* _Input data_

────

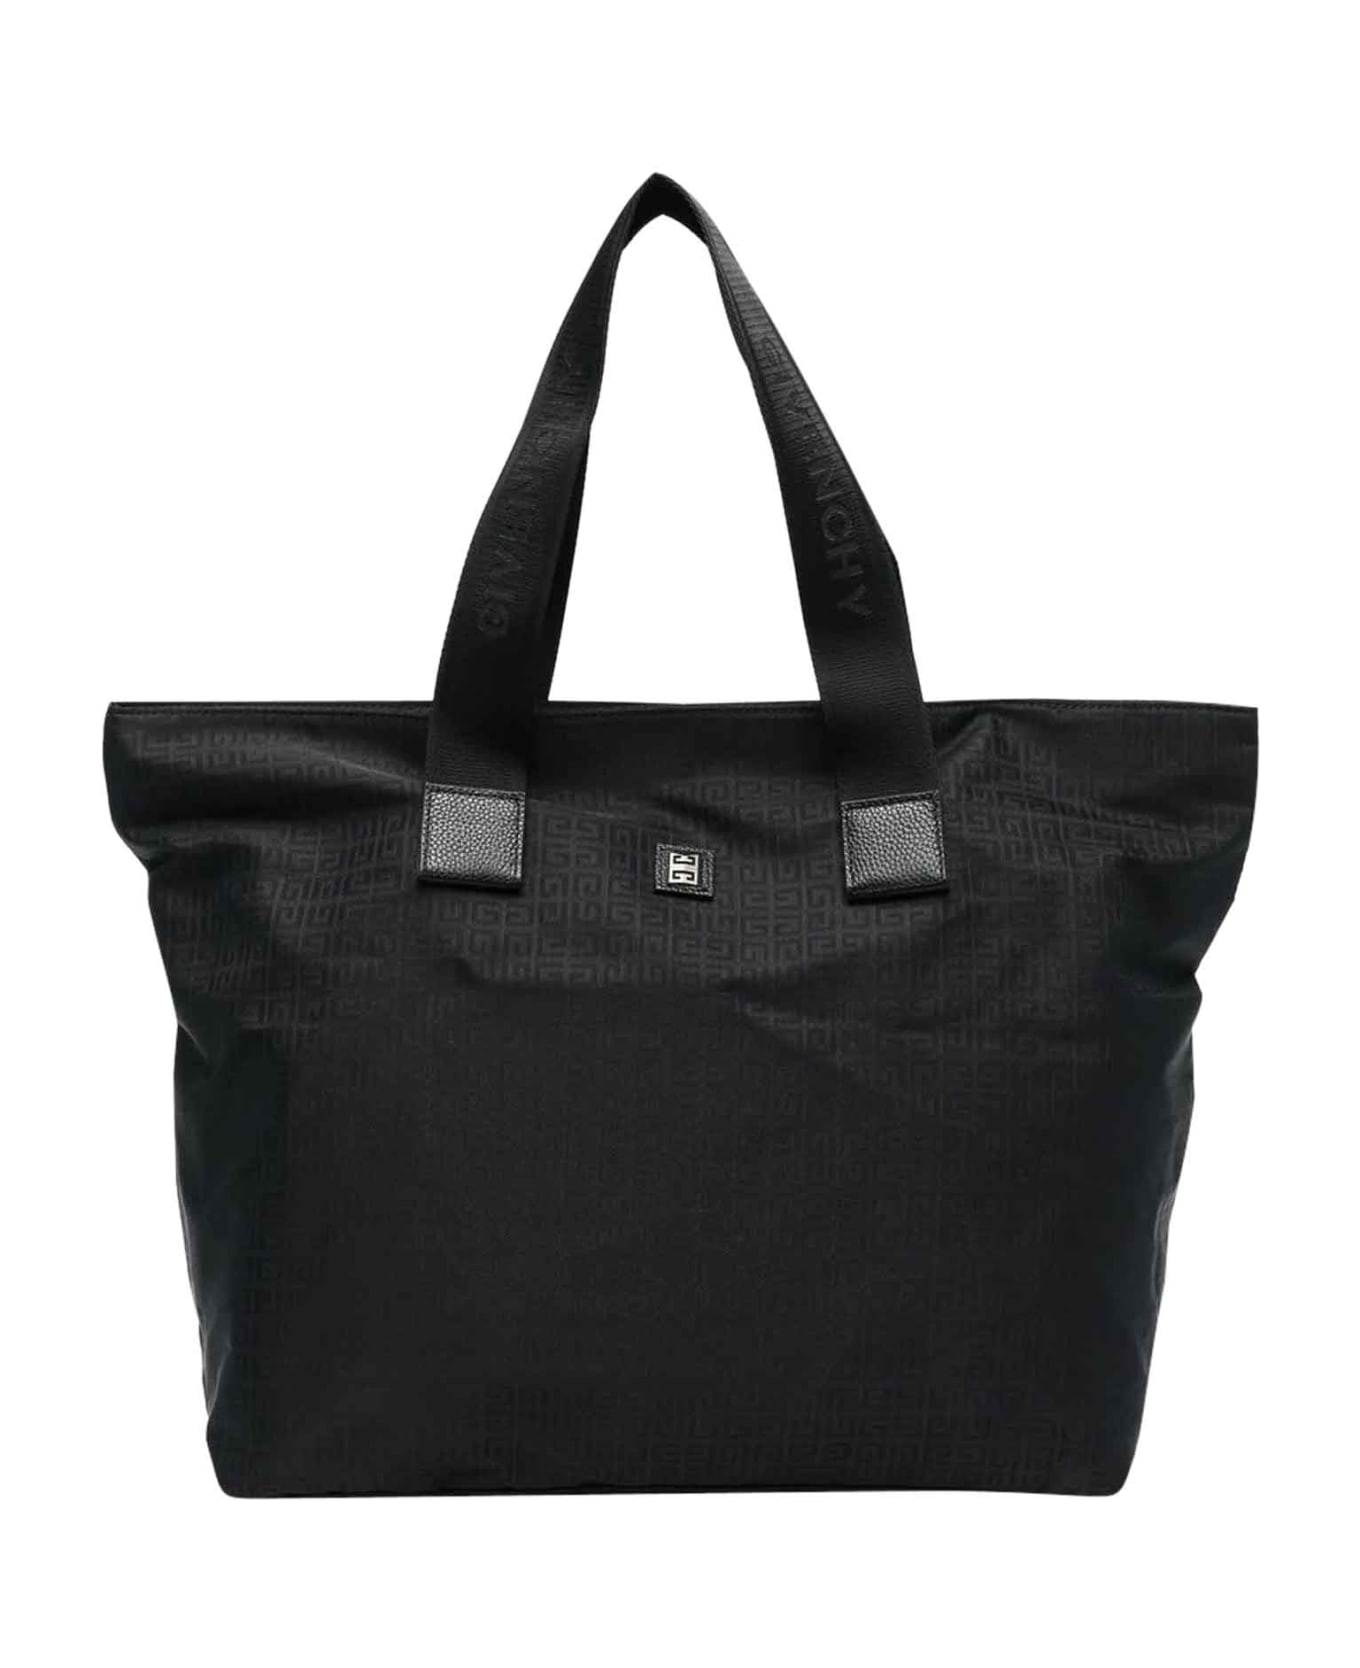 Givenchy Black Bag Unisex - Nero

────

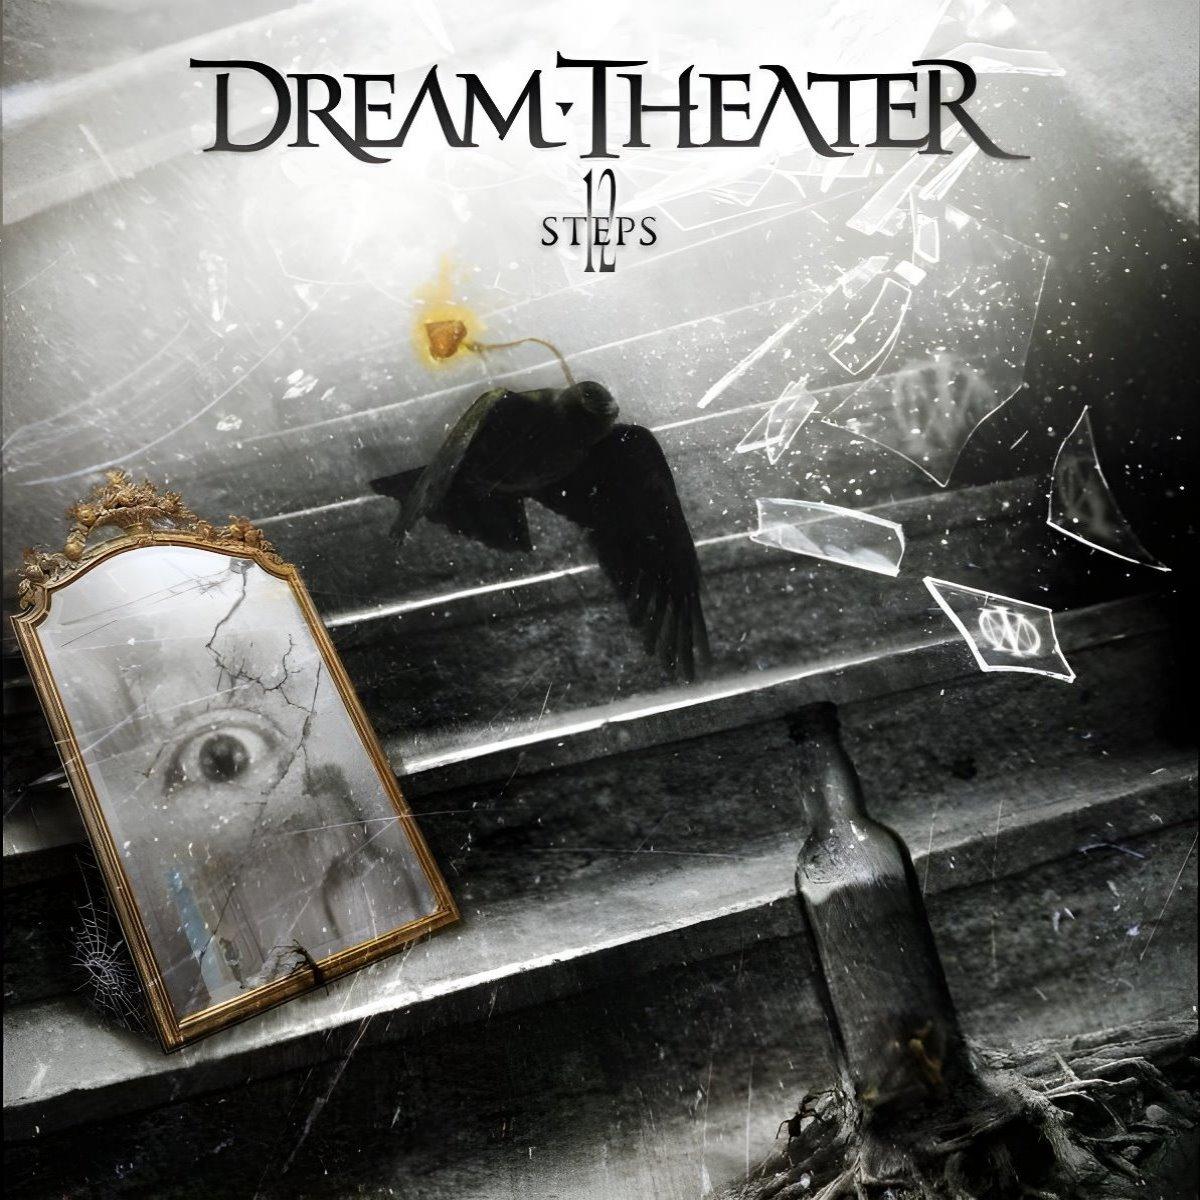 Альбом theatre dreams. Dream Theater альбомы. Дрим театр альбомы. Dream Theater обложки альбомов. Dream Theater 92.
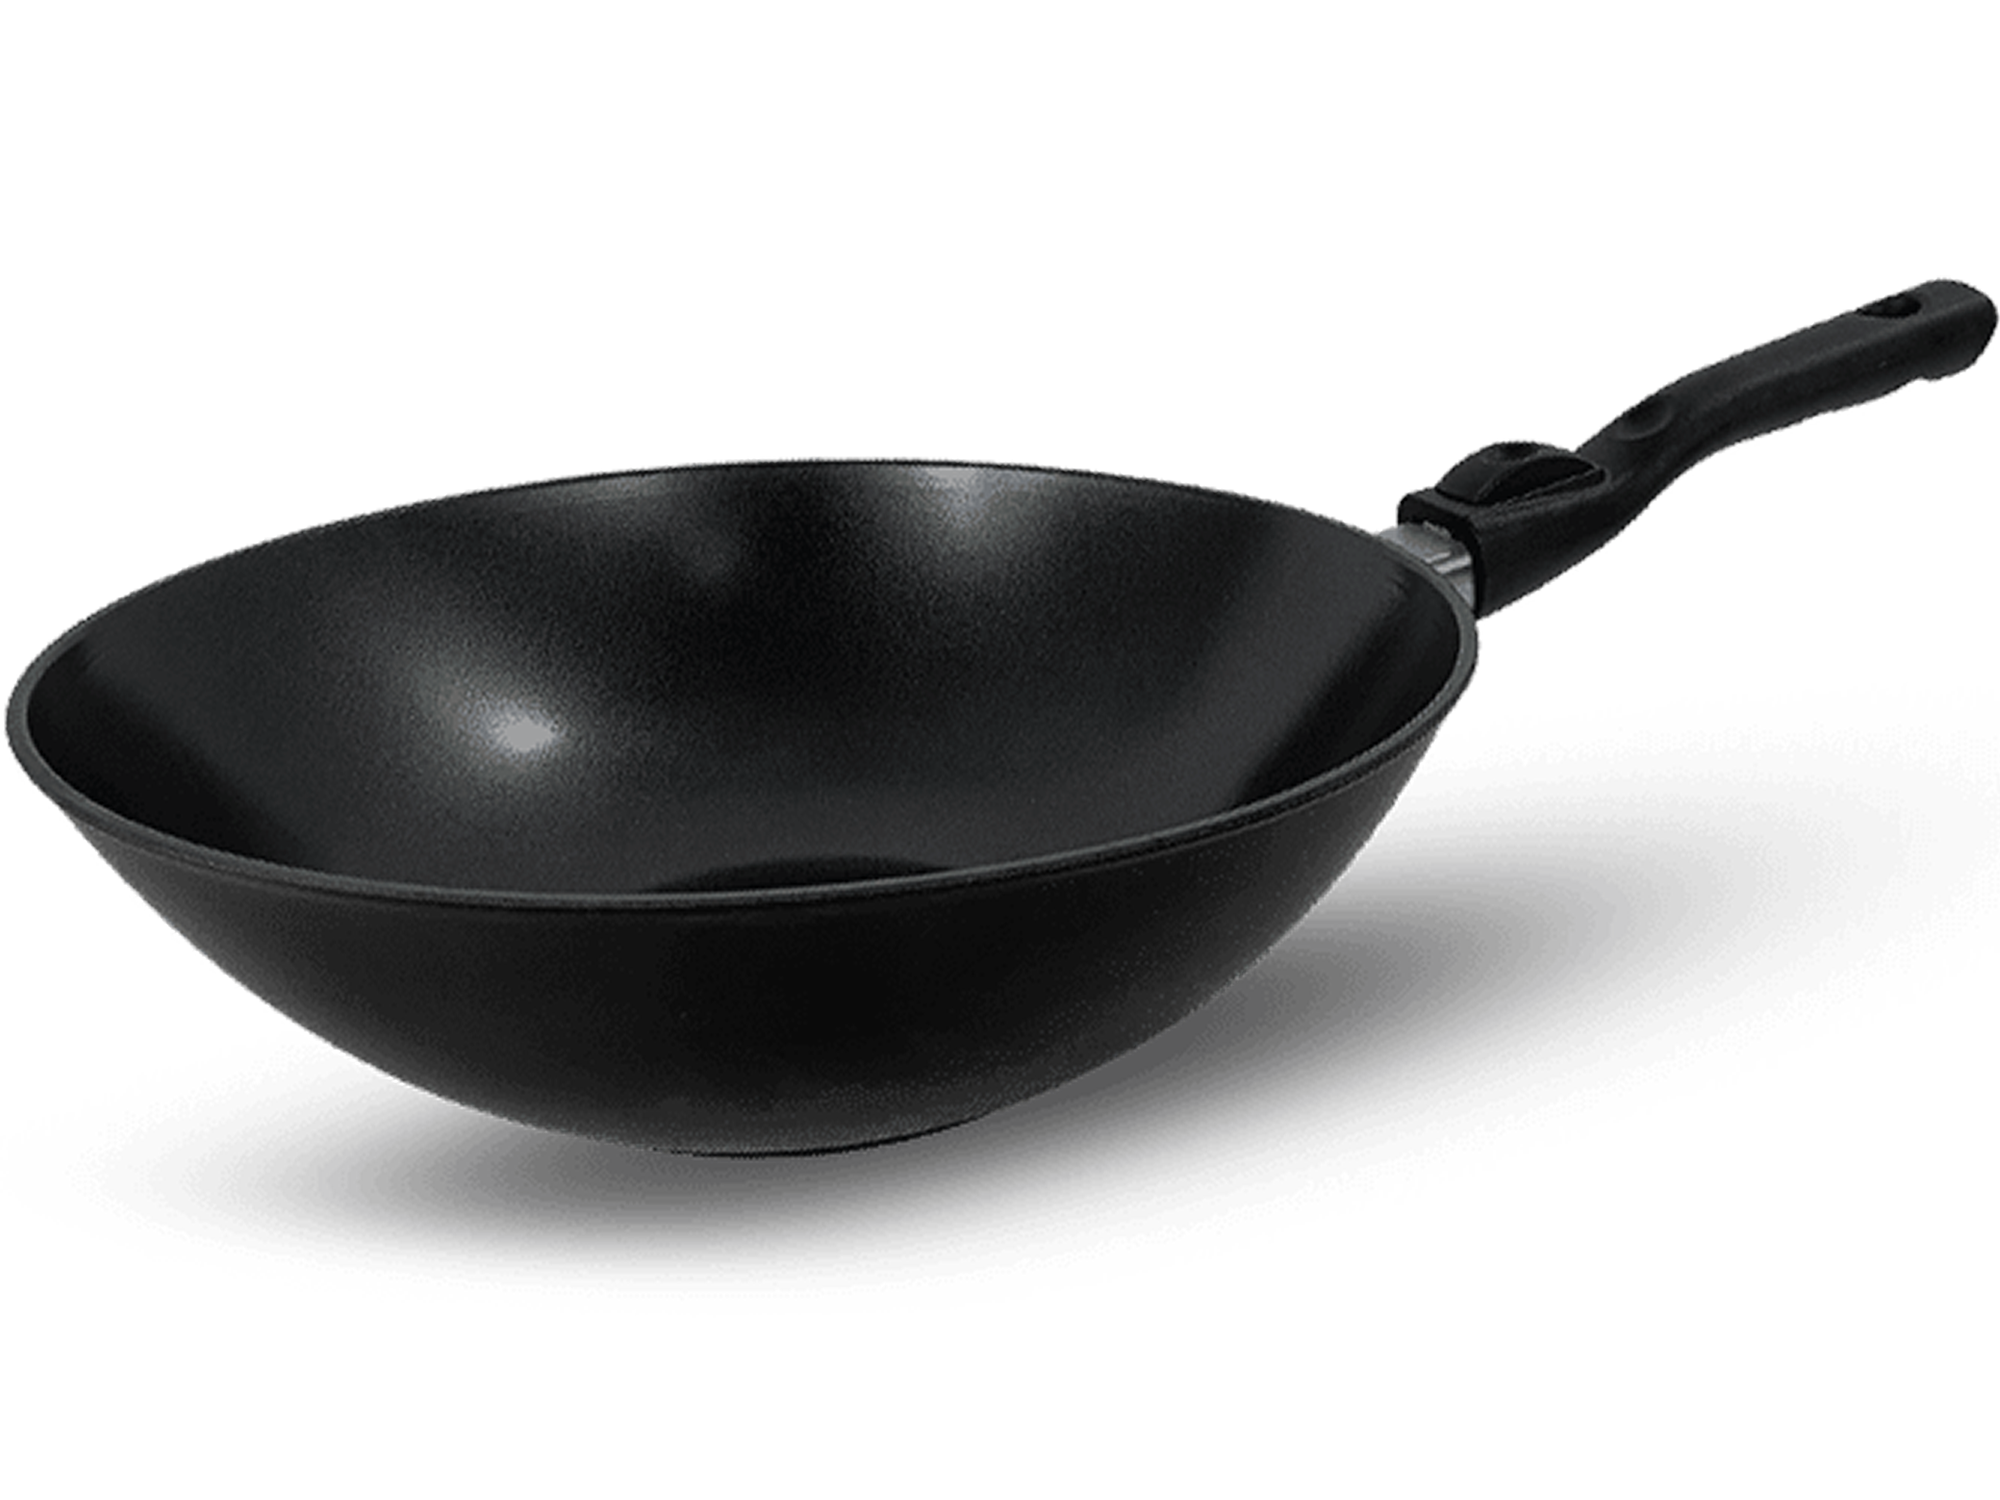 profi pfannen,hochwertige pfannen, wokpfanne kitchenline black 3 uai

────

* _Exercise requirements_
Could you output exactly the lines above, from the line with "Альбом theatre dreams." up to and including the line with "profi pfannen,hochwertige pfannen, wokpfanne", and nothing else, skipping the pictures?

* _Response to the exercise_
 Альбом theatre dreams. Dream Theater альбомы. Дрим театр альбомы. Dream Theater обложки альбомов. Dream Theater 92.
 profi pfannen,hochwertige pfannen, wokpfanne kitchenline black 3 uai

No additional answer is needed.